In reality, indeed, the most universally efficacious survival strategy is to be cooperative – and compassion reinforces cooperativeness. By placing such store by competition, and supported in this by an ultra-competitive neoliberal economy, the Far Right would condemn us all to perpetual strife – one long battle for material advantage or, in economic terms, for ever-increasing profit and market share. But the world is now so crowded and the biosphere is now so stressed, that perpetual strife is not an option – not if we seriously want to survive in a tolerable form in the long term. Thus Netanyahu has devastated Gaza, and Trump, egged on by Netanyahu, has threatened to “bomb Iran back to the Stone Age” and although Trump briefly entertained the idea that Gaza would re-emerge as an imitation of St Tropez it is far more likely to remain a field of rubble for the indefinite future, home to scavengers and scorpions. Neither can the damage to Ukraine thanks to Putin ever be fully repaired. Indeed, thanks to all those political gangsters, the economy of the whole world is forever compromised. Such waste can never be fully made good.
In short, the ultra-competitive, brutal politics of the Far Right is not only foul, morally, but is a recipe for suicide. This seems obvious – and if, as I have often argued, most human beings are both sensible and nice, the present popularity of Farage et al is hard to explain. The standard explanation is that in times of stress people tend to turn to “strong” leaders which is what the hyper-aggressive and mouthy leaders of the Far Right seem to offer. I am inclined pretentiously to quote Yeats, the great W B, who wrote most famously in The Second Coming in the wake of World War I:
“Things fall apart; the centre cannot hold”
The centre is, or should be, moral principle. When that is abandoned, and the fate of the world is left to the “free” market, and anything goes provided it succeeds in the short term, then of course the centre cannot hold.
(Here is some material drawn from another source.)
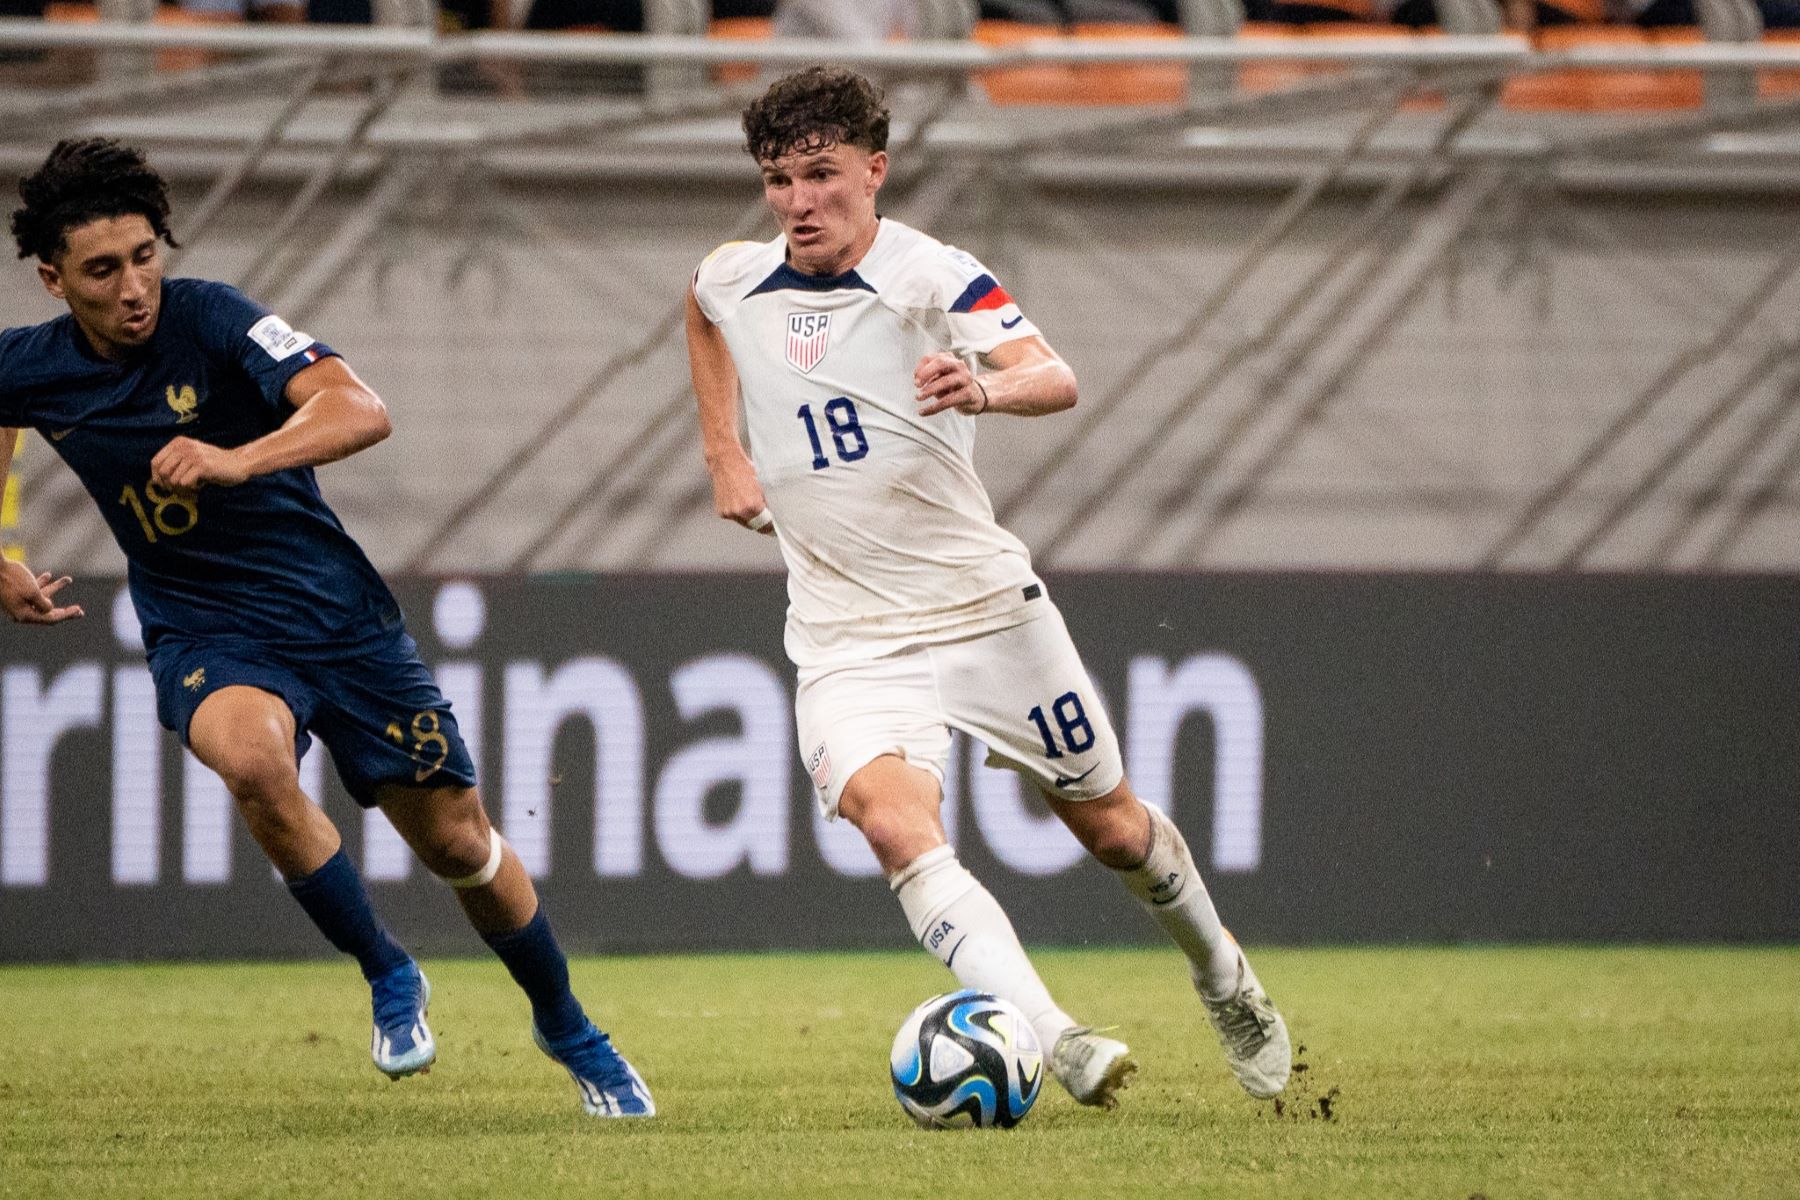 Brazil recovers to reach second round at U17 World Cup. US to face Germany  in round of 16

All in all, then I suggest that what the 2026 elections really tell us is that conventional politics is no longer fit for purpose; and it is not fit for purpose because politics as a whole is no longer rooted (if it ever was) in the Bedrock Principles of Ecology and Morality. As it stands, in short, politics is a bubble. It dominates our lives and infiltrates our minds but it does not properly address the issues that really matter. Truly we need to re-think the world from first principles. We really do need the Renaissance.